Almost every poem bears the title of the inspiration, along with the word “world,” such as “Baum’s World,” “Ellison’s World,” “Vance’s World,” etc. A few contain first names—“Raymond Chandler’s World,” “Ed McBain’s World,” “Bruce Lee’s World”—there are several that might require clarification, such as “Fort’s World.” One is simply entitled, “Hanna-Barbera.” Another employs word play—“Disney World.”

Although arranged alphabetically by the author or auteur’s last names, rather than by theme or genre, the poems could just as readily be approached in any order. It would be both impossible and unfair to review every poem here. Instead, I hope that by showing some highlights I can describe the breadth of scope in this massive homage. The aforementioned “Hanna-Barbera,” for example, resonated deeply with me, as I grew up watching many of their cartoons. I could not help but smile as I read the lines:

In their world
Talking animals
Are smarter
Than the average
Human
And wiser, too, in
Their foolishness.

In the emotions created by these poems lie their strength. No one who has read or seen The Wizard of Oz can escape the imagery of three elegant lines, in “Baum’s World”:

Snares lie by the side
Of the road to home.
Waiting for the unwary.

The ones that drew me back again and again were the ones which dealt with people whose names were familiar, like Jack Vance who merited two poems. Strangely enough, I did not feel Green’s words here captured the essence of Vance, but we may have different perspectives of the writer. In the first, the lines about an

Edifice of words,
Carefully selected,
Propelling man into
The future

seemed only partially true, as Vance seemed to me less concerned about the future than a certain timelessness. Perhaps that’s just my interpretation of Vance, as certainly many of his science fiction tales were futuristic.

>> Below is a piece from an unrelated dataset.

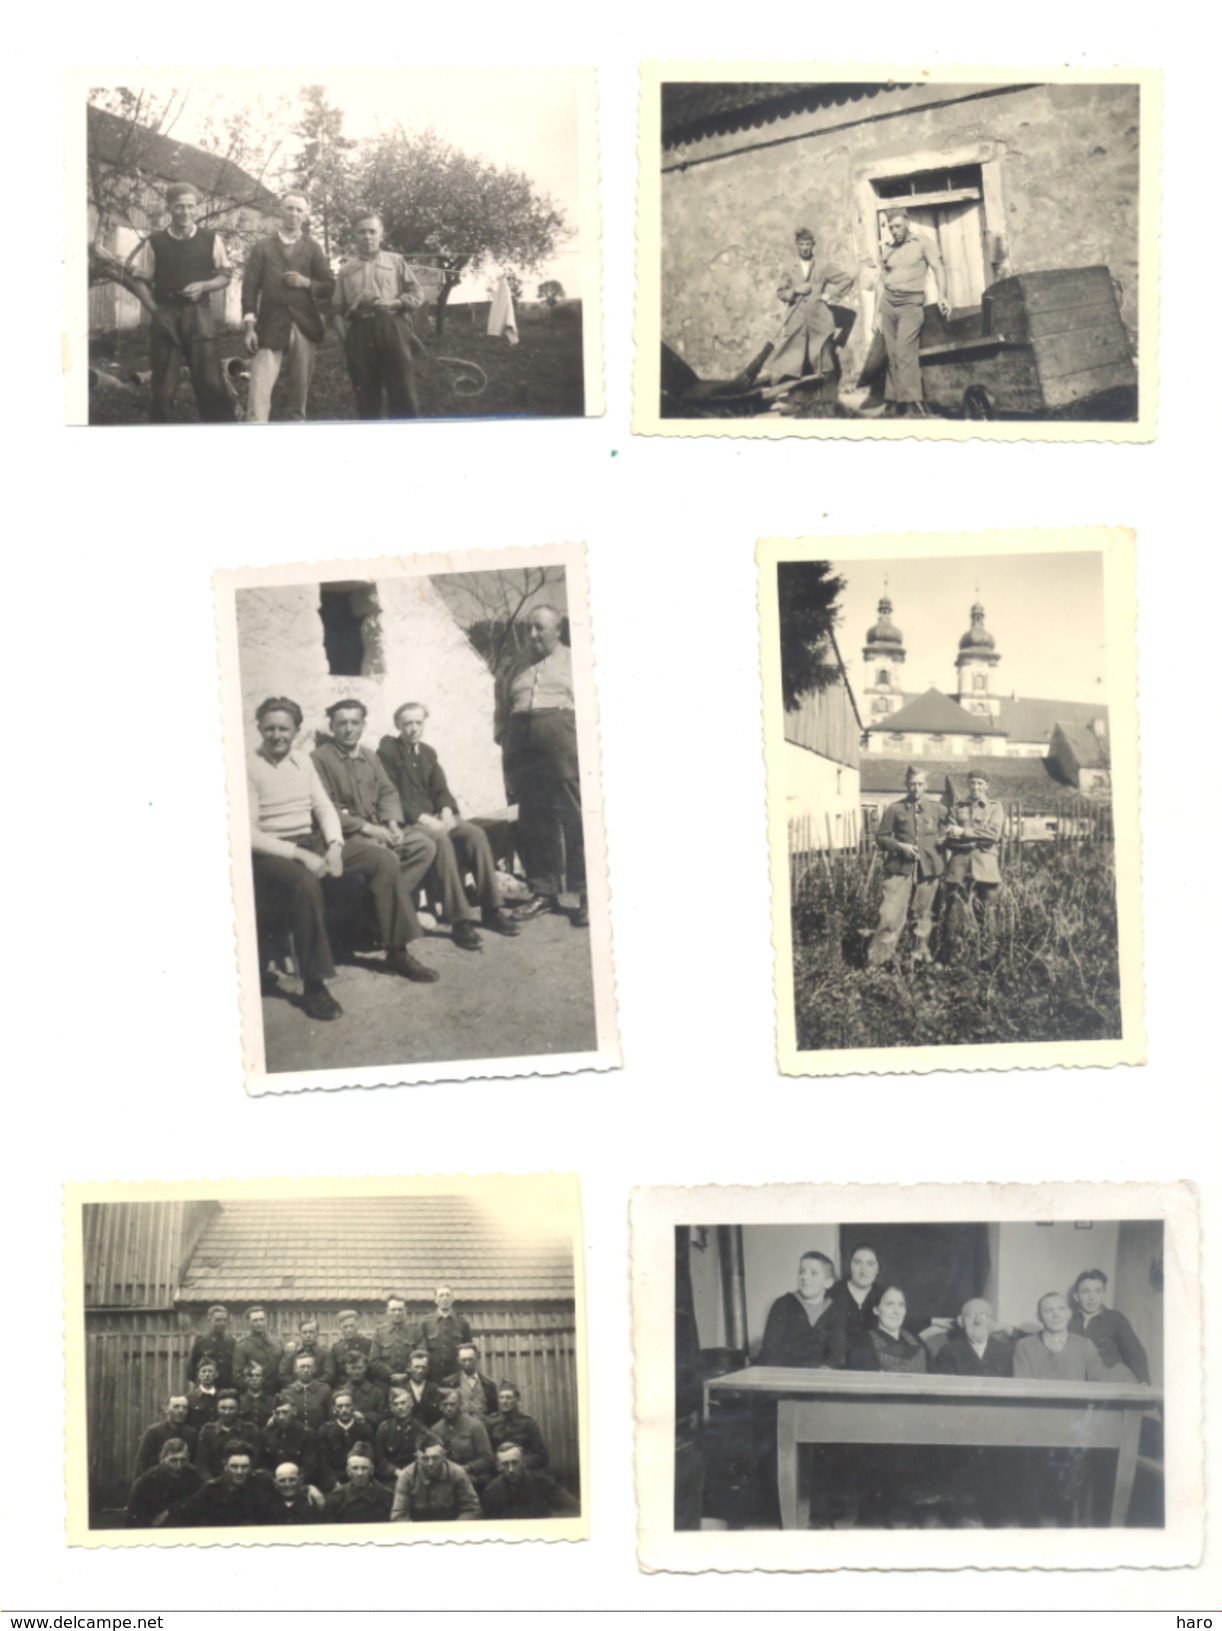 Armée Belge - Guerre 40/45 - Lot de 48 photos - Souvenir d'un prisonniers (M; Dethioux de Les Avins) 1940 à 1942  b211

Certain poems brought out the most well-known characters or themes in writers, such as “M.W. Wellman’s World”:

Music poured from silver
Strings
And a true heart,
The only barrier against
The old gods who haunt
Wooded hills and the song
Of the lark.

Wellman’s stories about John the Balladeer, aka Silver John, may not be as well-remembered today as in the 1980s, but anyone who has read even one of those stories would immediate recognize the subject from the first line alone. Where Green succeeds best is when the few lines convey a recognizable essence of his subject’s world. Where he stumbles is when the reader must think too long about what was said.

Although the people who inspire the poems range from sf writers to puppeteers (such as Gerry and Sylvia Anderson), writers from two centuries hence as well as much more recent ones, martial arts artists and cartoonists, they all share in common the ability to create art, and through their creations inspire others to create art. We enter our favorite creators’ worlds like explorers, and stand in amazement at what shape they take with words and motions, where we feel “like some watcher in the skies,” as Keats wrote about Chapman’s Homer. Such amazement Green must have felt, and tried to convey, after being inspired by the subjects of his poems.

While barely noticeable in a novel, typos in such a short volume as this one stand out starkly when they appear. Surely writer and editor would have caught such obviously reoccurring ones as “there” instead of “their” (“Where robots cry over there dead Creators,” “By the brights of there spandex,” and “There eyebrows are always raised.”), the more egregious “Steal” instead of “Steel” (in a poem about Superman’s creators). When they occur in titles, such as “Macen” instead of “Machen,” and “Stroker” instead of “Stoker” the effect is more jarring. These mistakes do nothing but detract from an otherwise fine book, and lend ambiguity in at least two poems. This must be fixed for any future editions. These unfortunate typos are the only downside to the publication.

Poetry in sf tends to be a narrow field, with few opportunities for general publication. Abbott’s eBook enables reasonably priced access compared to print. Electronic press will only gain in popularity and showcase more authors. Anyone who enjoys sf poetry would do well to give this collection a try.